--- START ---

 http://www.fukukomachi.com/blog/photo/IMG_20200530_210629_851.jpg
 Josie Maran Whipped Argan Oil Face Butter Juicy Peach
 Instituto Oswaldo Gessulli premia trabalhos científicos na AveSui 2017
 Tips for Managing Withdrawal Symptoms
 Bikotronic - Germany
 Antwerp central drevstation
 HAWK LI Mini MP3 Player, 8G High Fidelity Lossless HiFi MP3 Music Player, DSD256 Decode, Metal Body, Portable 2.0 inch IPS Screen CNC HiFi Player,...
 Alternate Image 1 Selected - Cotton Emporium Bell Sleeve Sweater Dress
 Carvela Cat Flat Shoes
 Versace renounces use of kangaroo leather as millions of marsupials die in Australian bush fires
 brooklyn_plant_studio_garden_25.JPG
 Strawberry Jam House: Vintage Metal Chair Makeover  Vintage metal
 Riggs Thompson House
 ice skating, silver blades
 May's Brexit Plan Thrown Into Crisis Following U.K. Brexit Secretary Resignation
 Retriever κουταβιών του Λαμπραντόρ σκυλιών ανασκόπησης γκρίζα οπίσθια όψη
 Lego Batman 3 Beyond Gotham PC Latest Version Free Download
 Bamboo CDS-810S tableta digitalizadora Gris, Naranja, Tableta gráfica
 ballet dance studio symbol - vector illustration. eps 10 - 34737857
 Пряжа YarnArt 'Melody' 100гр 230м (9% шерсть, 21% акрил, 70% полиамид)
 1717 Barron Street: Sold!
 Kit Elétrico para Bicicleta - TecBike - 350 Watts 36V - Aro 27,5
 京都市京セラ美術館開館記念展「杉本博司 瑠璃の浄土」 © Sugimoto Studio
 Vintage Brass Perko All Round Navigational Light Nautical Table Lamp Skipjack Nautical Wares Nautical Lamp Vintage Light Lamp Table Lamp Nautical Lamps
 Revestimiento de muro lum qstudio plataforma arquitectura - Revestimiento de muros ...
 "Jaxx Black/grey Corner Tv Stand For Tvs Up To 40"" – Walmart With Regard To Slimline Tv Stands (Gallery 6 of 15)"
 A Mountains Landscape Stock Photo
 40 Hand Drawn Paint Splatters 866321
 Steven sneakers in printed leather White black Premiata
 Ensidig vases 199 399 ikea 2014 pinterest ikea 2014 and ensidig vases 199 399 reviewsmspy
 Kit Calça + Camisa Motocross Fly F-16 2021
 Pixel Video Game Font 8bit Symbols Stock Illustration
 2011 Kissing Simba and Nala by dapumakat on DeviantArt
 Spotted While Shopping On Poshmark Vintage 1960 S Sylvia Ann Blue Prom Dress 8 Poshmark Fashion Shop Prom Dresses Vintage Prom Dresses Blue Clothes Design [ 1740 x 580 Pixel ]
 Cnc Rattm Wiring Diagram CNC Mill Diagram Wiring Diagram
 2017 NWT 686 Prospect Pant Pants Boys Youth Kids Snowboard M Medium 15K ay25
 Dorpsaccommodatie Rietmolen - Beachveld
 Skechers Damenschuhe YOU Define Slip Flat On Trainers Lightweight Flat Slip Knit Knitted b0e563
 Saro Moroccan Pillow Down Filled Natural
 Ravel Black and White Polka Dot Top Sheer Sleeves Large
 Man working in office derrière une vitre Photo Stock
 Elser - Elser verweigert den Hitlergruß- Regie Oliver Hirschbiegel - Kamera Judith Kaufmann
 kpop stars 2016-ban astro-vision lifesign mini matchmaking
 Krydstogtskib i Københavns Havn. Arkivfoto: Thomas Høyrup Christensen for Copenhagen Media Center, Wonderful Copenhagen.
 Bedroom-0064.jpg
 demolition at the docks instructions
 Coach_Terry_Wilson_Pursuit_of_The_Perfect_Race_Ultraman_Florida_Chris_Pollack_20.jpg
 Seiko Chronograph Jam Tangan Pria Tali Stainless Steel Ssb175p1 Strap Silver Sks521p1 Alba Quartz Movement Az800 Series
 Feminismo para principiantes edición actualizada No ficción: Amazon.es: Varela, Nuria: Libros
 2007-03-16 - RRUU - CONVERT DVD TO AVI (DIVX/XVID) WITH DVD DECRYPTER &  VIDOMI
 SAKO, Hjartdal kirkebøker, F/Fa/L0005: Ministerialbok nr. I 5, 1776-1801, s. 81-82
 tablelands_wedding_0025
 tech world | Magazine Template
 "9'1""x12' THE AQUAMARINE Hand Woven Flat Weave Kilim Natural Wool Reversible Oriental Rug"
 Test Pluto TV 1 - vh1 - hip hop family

--- END ---

(Exercise details): Could the data above be returned exactly as it stands?

(Response box):
 http://www.fukukomachi.com/blog/photo/IMG_20200530_210629_851.jpg
 Josie Maran Whipped Argan Oil Face Butter Juicy Peach
 Instituto Oswaldo Gessulli premia trabalhos científicos na AveSui 2017
 Tips for Managing Withdrawal Symptoms
 Bikotronic - Germany
 Antwerp central drevstation
 HAWK LI Mini MP3 Player, 8G High Fidelity Lossless HiFi MP3 Music Player, DSD256 Decode, Metal Body, Portable 2.0 inch IPS Screen CNC HiFi Player,...
 Alternate Image 1 Selected - Cotton Emporium Bell Sleeve Sweater Dress
 Carvela Cat Flat Shoes
 Versace renounces use of kangaroo leather as millions of marsupials die in Australian bush fires
 brooklyn_plant_studio_garden_25.JPG
 Strawberry Jam House: Vintage Metal Chair Makeover  Vintage metal
 Riggs Thompson House
 ice skating, silver blades
 May's Brexit Plan Thrown Into Crisis Following U.K. Brexit Secretary Resignation
 Retriever κουταβιών του Λαμπραντόρ σκυλιών ανασκόπησης γκρίζα οπίσθια όψη
 Lego Batman 3 Beyond Gotham PC Latest Version Free Download
 Bamboo CDS-810S tableta digitalizadora Gris, Naranja, Tableta gráfica
 ballet dance studio symbol - vector illustration. eps 10 - 34737857
 Пряжа YarnArt 'Melody' 100гр 230м (9% шерсть, 21% акрил, 70% полиамид)
 1717 Barron Street: Sold!
 Kit Elétrico para Bicicleta - TecBike - 350 Watts 36V - Aro 27,5
 京都市京セラ美術館開館記念展「杉本博司 瑠璃の浄土」 © Sugimoto Studio
 Vintage Brass Perko All Round Navigational Light Nautical Table Lamp Skipjack Nautical Wares Nautical Lamp Vintage Light Lamp Table Lamp Nautical Lamps
 Revestimiento de muro lum qstudio plataforma arquitectura - Revestimiento de muros ...
 "Jaxx Black/grey Corner Tv Stand For Tvs Up To 40"" – Walmart With Regard To Slimline Tv Stands (Gallery 6 of 15)"
 A Mountains Landscape Stock Photo
 40 Hand Drawn Paint Splatters 866321
 Steven sneakers in printed leather White black Premiata
 Ensidig vases 199 399 ikea 2014 pinterest ikea 2014 and ensidig vases 199 399 reviewsmspy
 Kit Calça + Camisa Motocross Fly F-16 2021
 Pixel Video Game Font 8bit Symbols Stock Illustration
 2011 Kissing Simba and Nala by dapumakat on DeviantArt
 Spotted While Shopping On Poshmark Vintage 1960 S Sylvia Ann Blue Prom Dress 8 Poshmark Fashion Shop Prom Dresses Vintage Prom Dresses Blue Clothes Design [ 1740 x 580 Pixel ]
 Cnc Rattm Wiring Diagram CNC Mill Diagram Wiring Diagram
 2017 NWT 686 Prospect Pant Pants Boys Youth Kids Snowboard M Medium 15K ay25
 Dorpsaccommodatie Rietmolen - Beachveld
 Skechers Damenschuhe YOU Define Slip Flat On Trainers Lightweight Flat Slip Knit Knitted b0e563
 Saro Moroccan Pillow Down Filled Natural
 Ravel Black and White Polka Dot Top Sheer Sleeves Large
 Man working in office derrière une vitre Photo Stock
 Elser - Elser verweigert den Hitlergruß- Regie Oliver Hirschbiegel - Kamera Judith Kaufmann
 kpop stars 2016-ban astro-vision lifesign mini matchmaking
 Krydstogtskib i Københavns Havn. Arkivfoto: Thomas Høyrup Christensen for Copenhagen Media Center, Wonderful Copenhagen.
 Bedroom-0064.jpg
 demolition at the docks instructions
 Coach_Terry_Wilson_Pursuit_of_The_Perfect_Race_Ultraman_Florida_Chris_Pollack_20.jpg
 Seiko Chronograph Jam Tangan Pria Tali Stainless Steel Ssb175p1 Strap Silver Sks521p1 Alba Quartz Movement Az800 Series
 Feminismo para principiantes edición actualizada No ficción: Amazon.es: Varela, Nuria: Libros
 2007-03-16 - RRUU - CONVERT DVD TO AVI (DIVX/XVID) WITH DVD DECRYPTER &  VIDOMI
 SAKO, Hjartdal kirkebøker, F/Fa/L0005: Ministerialbok nr. I 5, 1776-1801, s. 81-82
 tablelands_wedding_0025
 tech world | Magazine Template
 "9'1""x12' THE AQUAMARINE Hand Woven Flat Weave Kilim Natural Wool Reversible Oriental Rug"
 Test Pluto TV 1 - vh1 - hip hop family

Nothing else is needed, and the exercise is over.